Aiming to improve the showroom experience, Lexus and a dozen of its dealers will try out a new, “no haggle” pricing policy – a move they admit could please some shoppers but send other potential buyers scurrying away.

The experiment, announced during an industry event in Traverse City, Michigan, would mark the first formal adoption of a fixed price approach since General Motors abandoned its Saturn brand during its bankruptcy six years ago.

Separately, Lexus General Manager Jeff Bracken said the Toyota luxury brand is giving serious consideration to adding a second “flagship” model that would be sold alongside the current top-end model, the big LS sedan.

Bargaining has long been a way of life for auto dealers, all the more so in a hotly competitive market like today. But studies show that while some shoppers love the opportunity to drive a good bargain, others hate the haggling and would prefer a less confrontational showroom experience.

That worked for Saturn which developed a loyal following largely based on its dealer experience, and during his speech at the annual Management Briefing Seminars, Bracken pointed to a successful Toyota dealer who has used a fixed-price policy for the last dozen years.

“So, we know it can be done, even in a highly competitive market.”

The idea of going to a no-haggle approach has been under discussion at Lexus, currently the top-selling luxury brand in the U.S., since 2013, The maker has identified a dozen, hand-picked dealers who will launch the pilot program during the first quarter of 2016.

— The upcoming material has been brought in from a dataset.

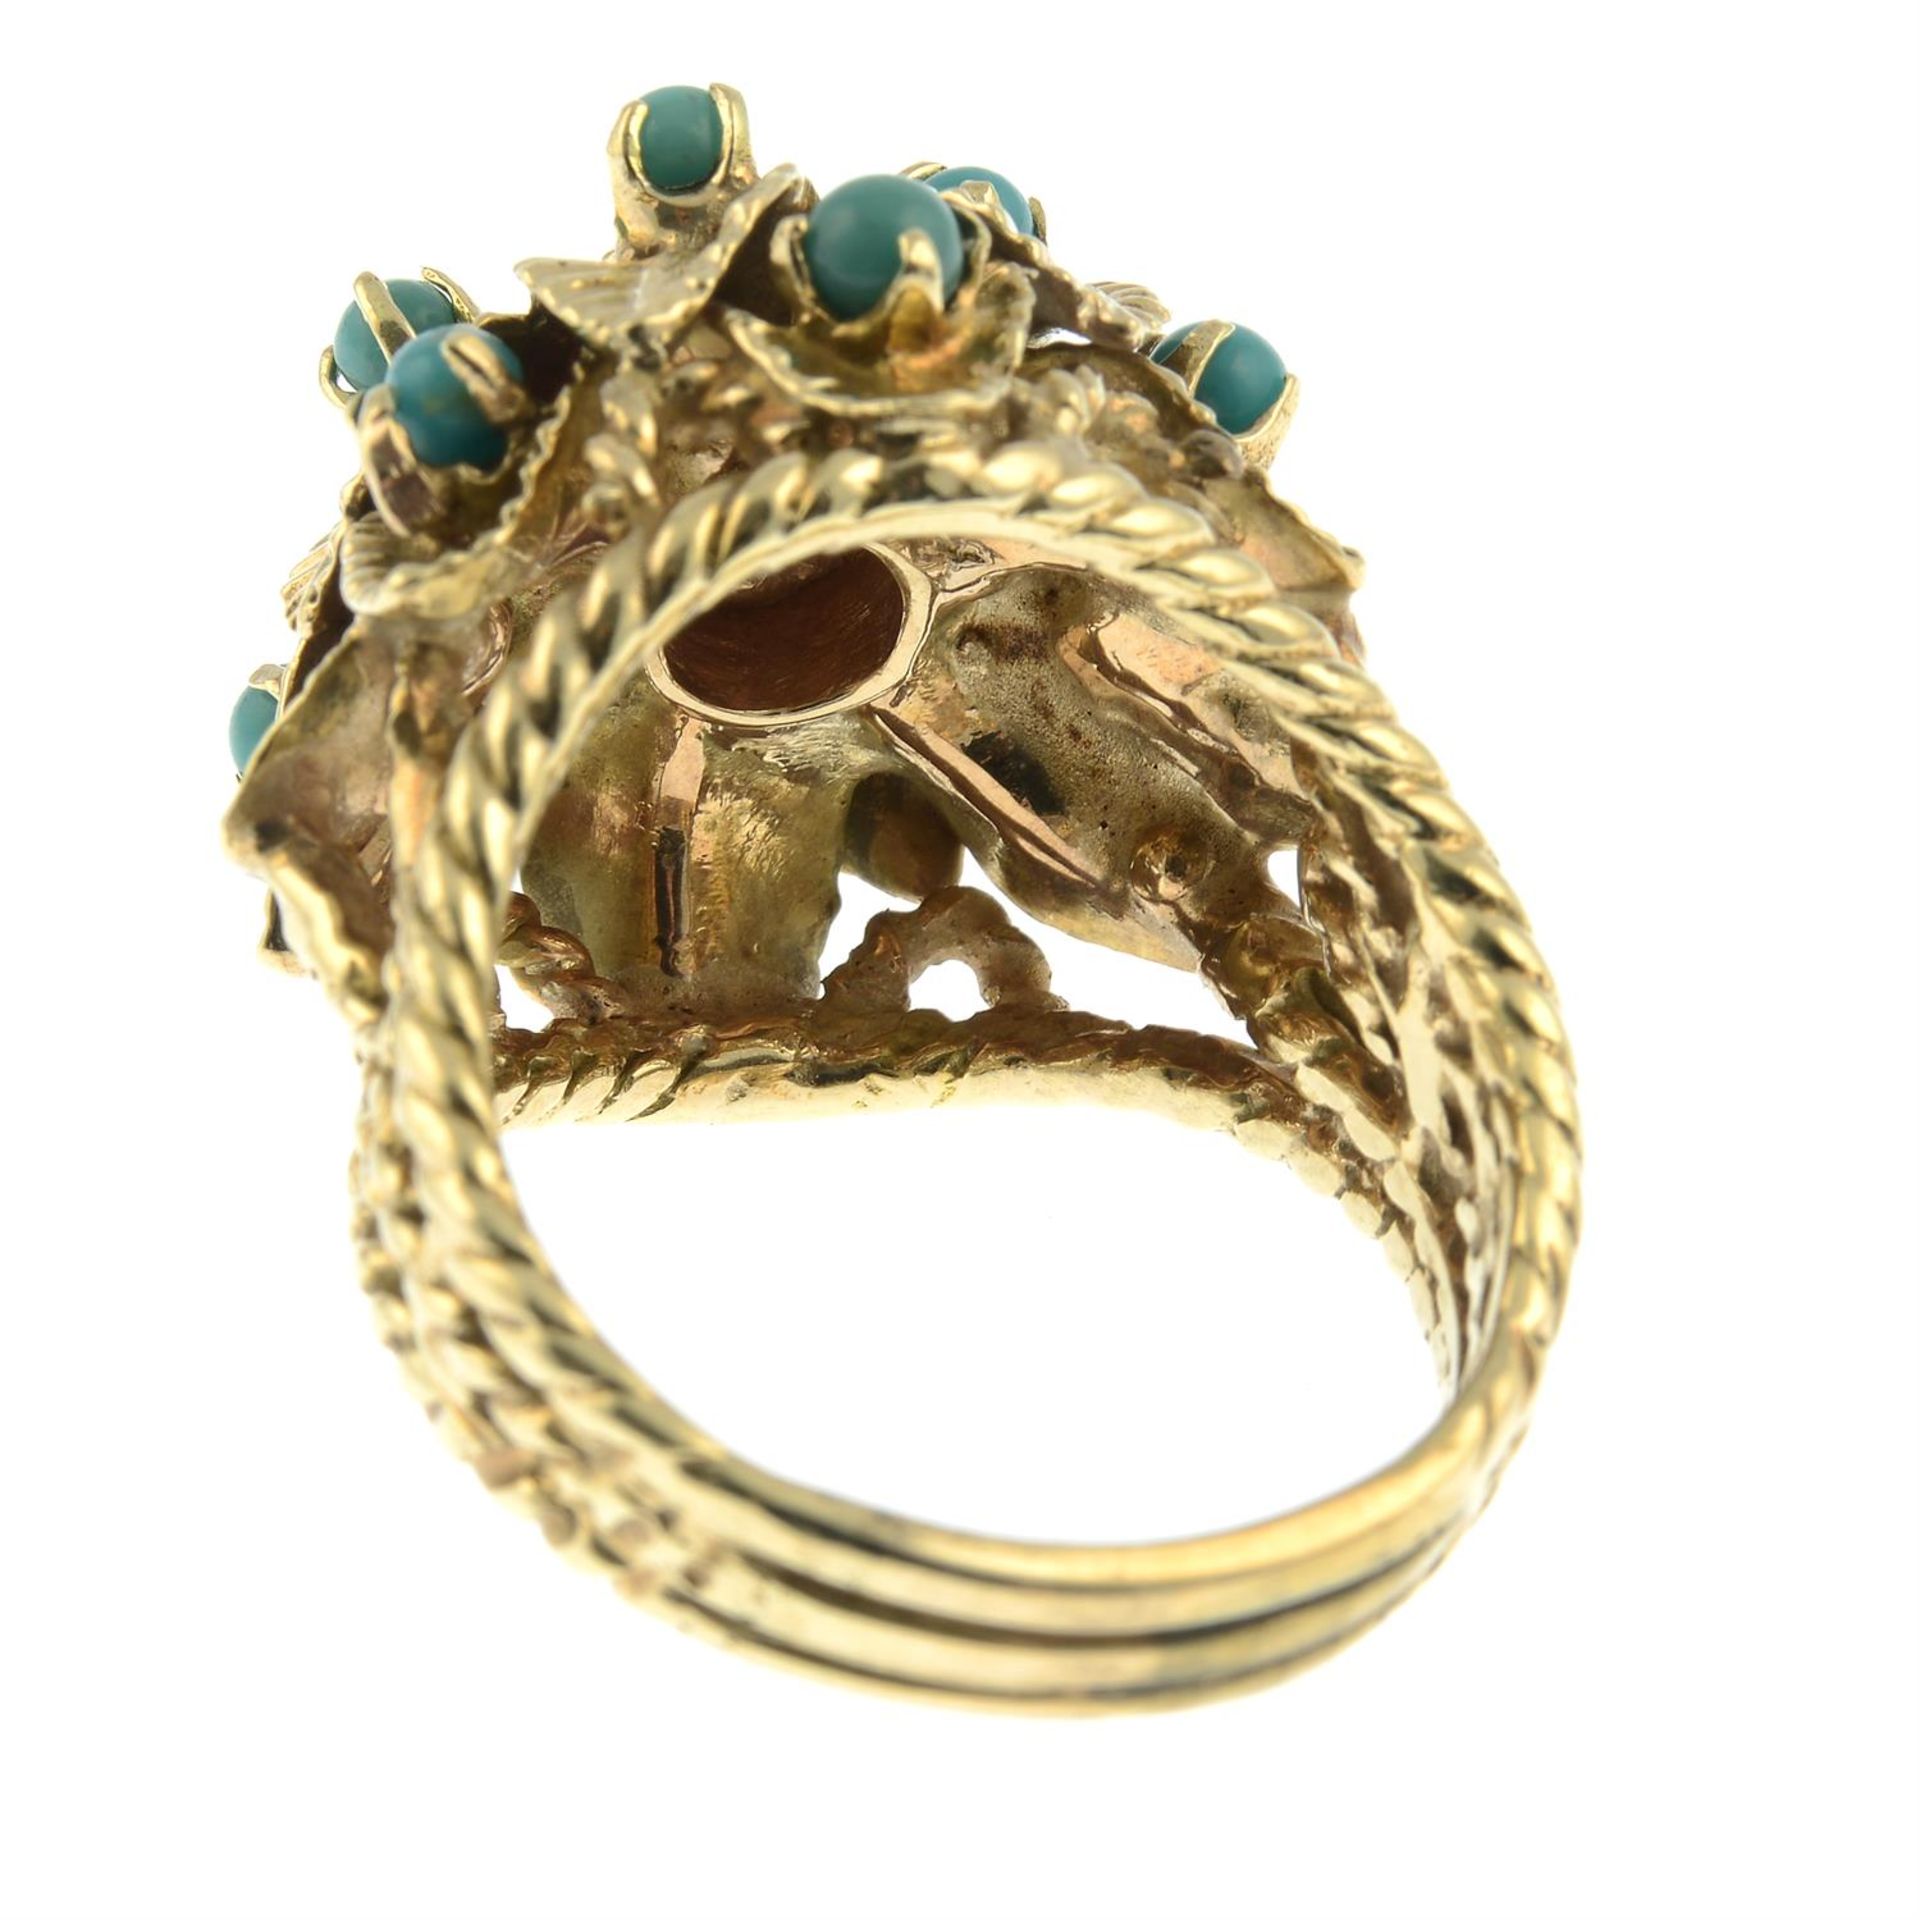 A diamond and green gem dress ring. - Image 2 of 2

If it proves successful, Lexus hopes to see the approach expand in 2017, though he cautioned that it won’t become a set policy for the brand. Some of the nation’s 236 Lexus dealers will likely continue to bargain.

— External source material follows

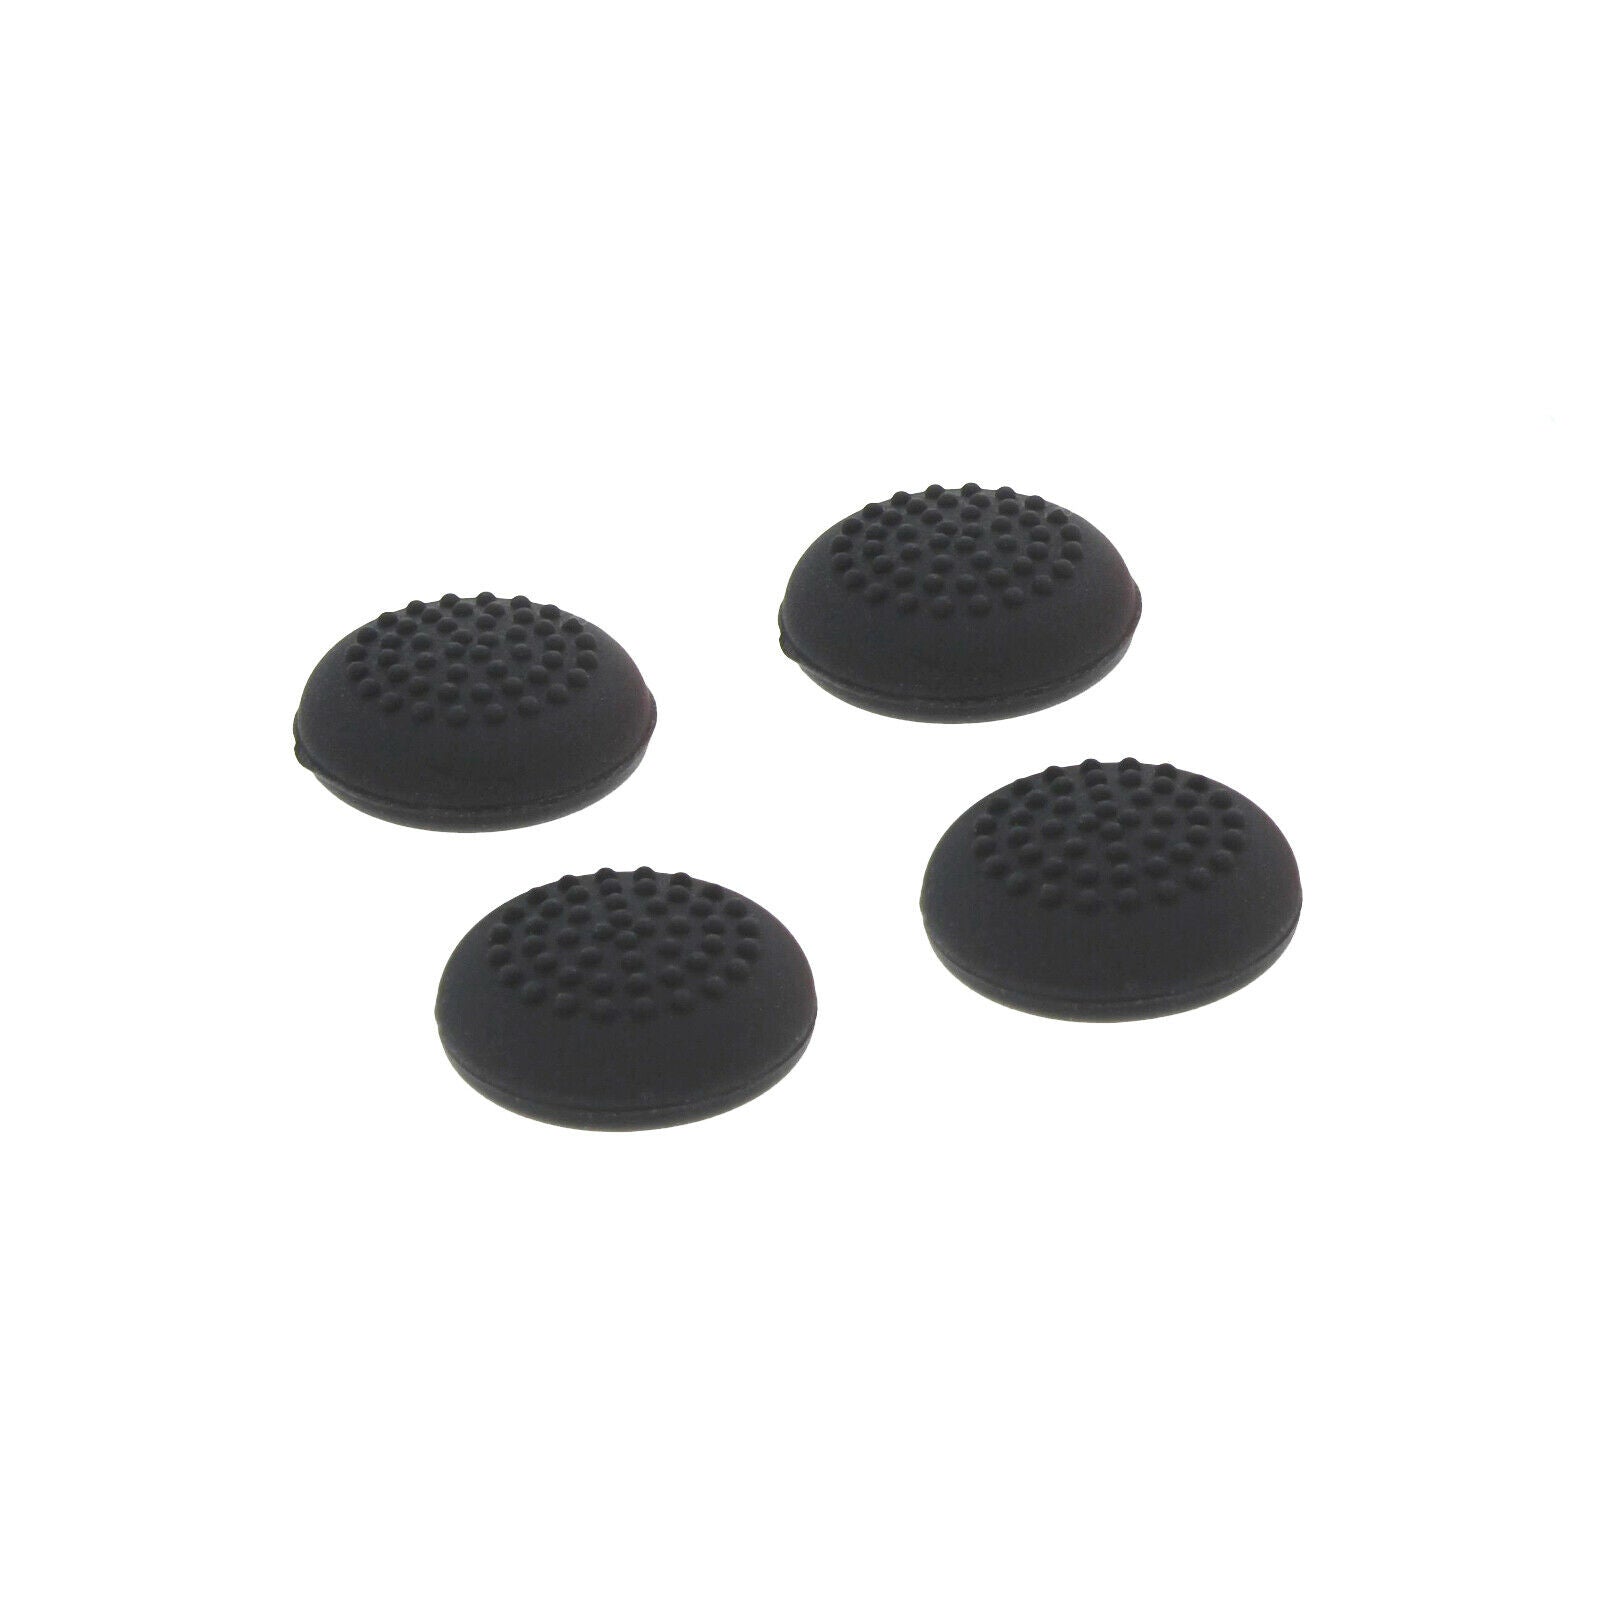 Gameware Thumb Grips For Nintendo Switch

(Lexus shows off a working hoverboard. For more, Click Here.)

At a time when new vehicle quality is better than ever, automakers have been struggling to find ways to enhance the appeal of their brands, and the dealer experience is considered critical.

The most successful dealers, notes consultant Fran O’Hagan, not only have friendly, knowledgeable sales people, but they also know how to take the extra steps to ensure a sale. Satisfied shoppers are more likely to turn into buyers, he said, something backed up by the annual research he conducts. The so-called Pied Piper Satisfaction Index shows a direct correlation between dealer experience and sales.

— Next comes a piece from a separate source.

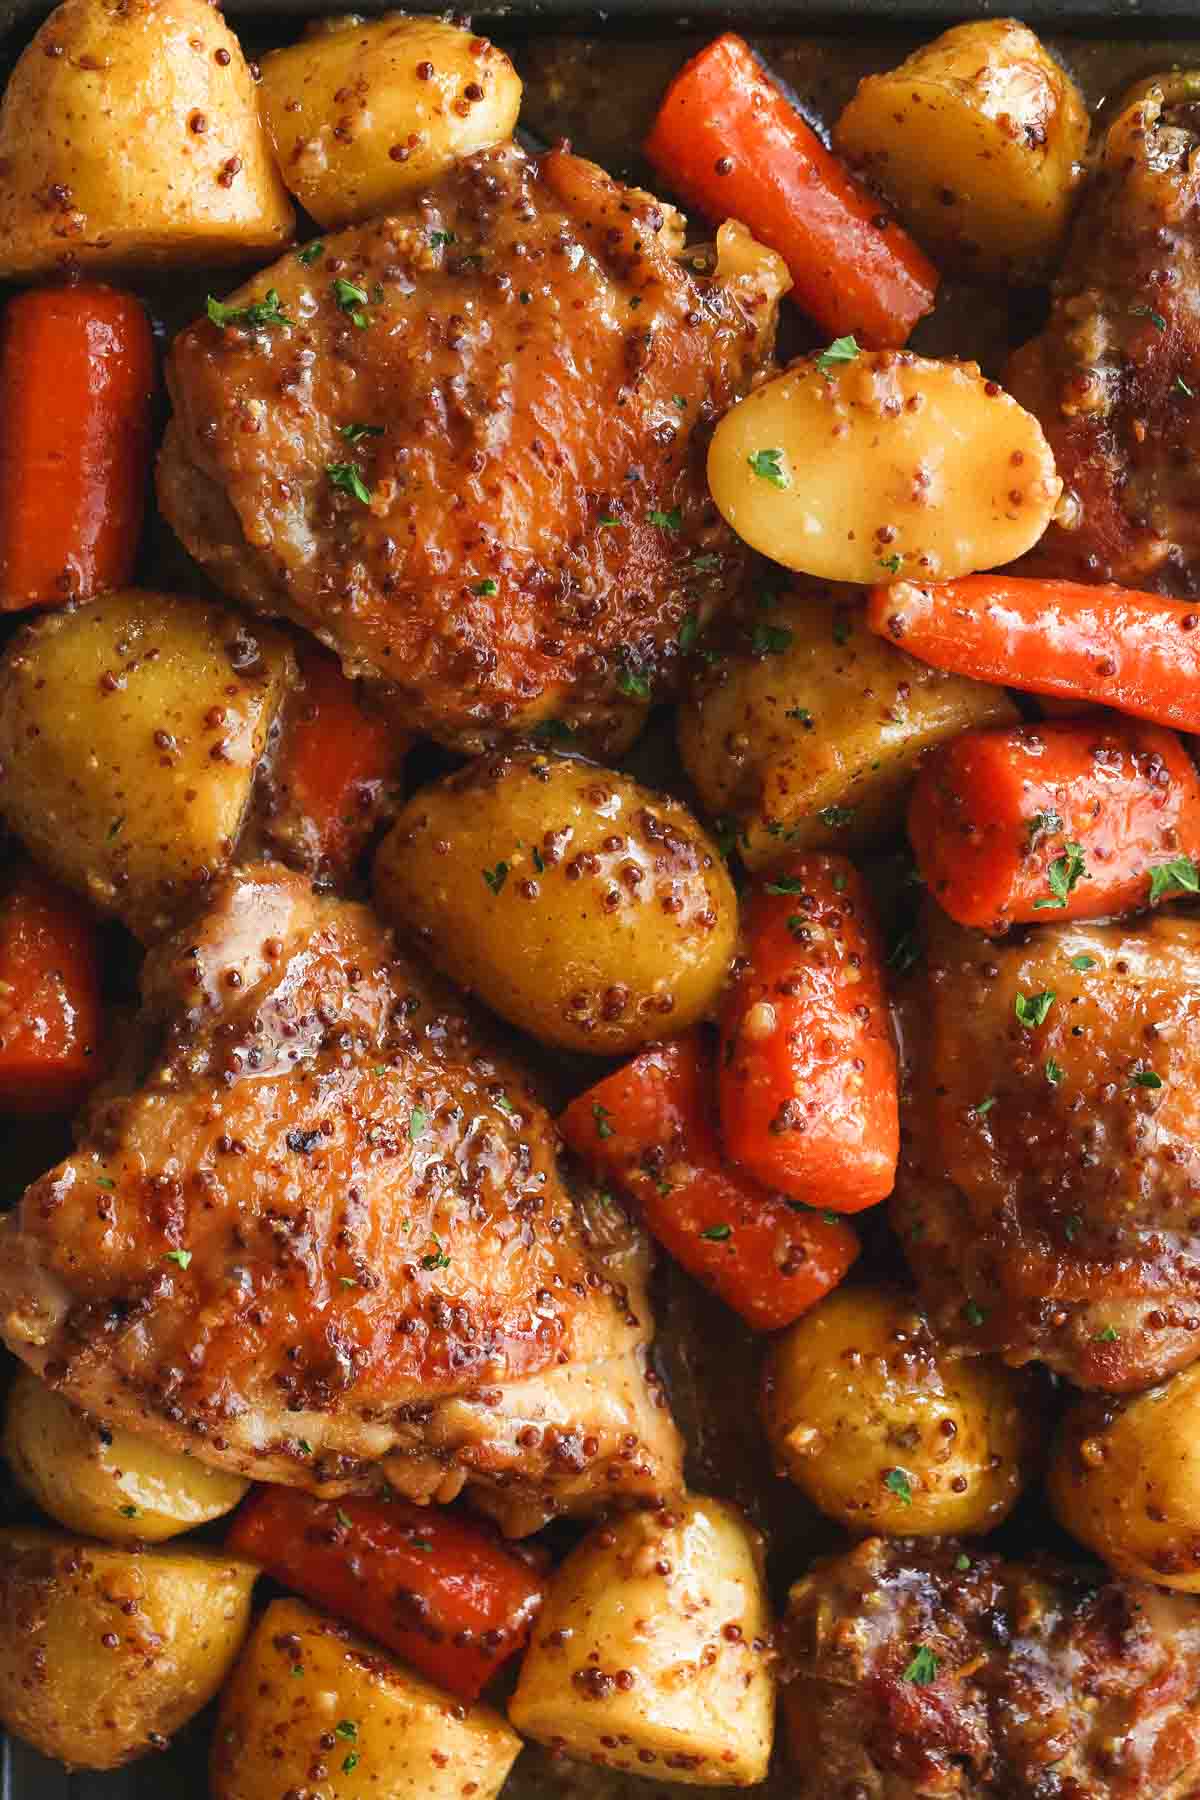 Honey mustard chicken with baby potatoes and carrots, and grainy mustard

Lexus came in a close third in the latest study, behind only Mercedes-Benz, the perennial leader, and Nissan’s Infiniti brand.

(Lexus tops Mercedes, BMW in July sales battle. Click Here for the story.)

That has helped the maker take the lead in the luxury segment, at least for the moment, away from German rivals Mercedes-Benz and BMW. Lexus has targeted sales of 340,000 vehicles this year and is actually running slightly ahead of that pace.

Product has been the other key for the brand’s surge. Lexus has been putting more of an emphasis on design and performance than in years past, reflecting concerns that its vehicles were long too much plain vanilla. Its F Sport sub-brand, in particular, has been drawing in the younger buyers that long steered clear of Lexus showrooms.

Lexus also has scored with new models like the sporty RC coupe and the compact NX crossover. Now it is looking at opportunities at the top end. Following his speech in Traverse City, Lexus General Manager Bracken told the Reuters news service that the maker is considering adding a second flagship that would be sold alongside the current full-size halo car, the LS.

(Click Here to see more about the newly upgraded 2015 Lexus ES 300h.)

“We need a flagship. It doesn’t have to be a sedan,” said Bracken, though he declined to say what Lexus is working on.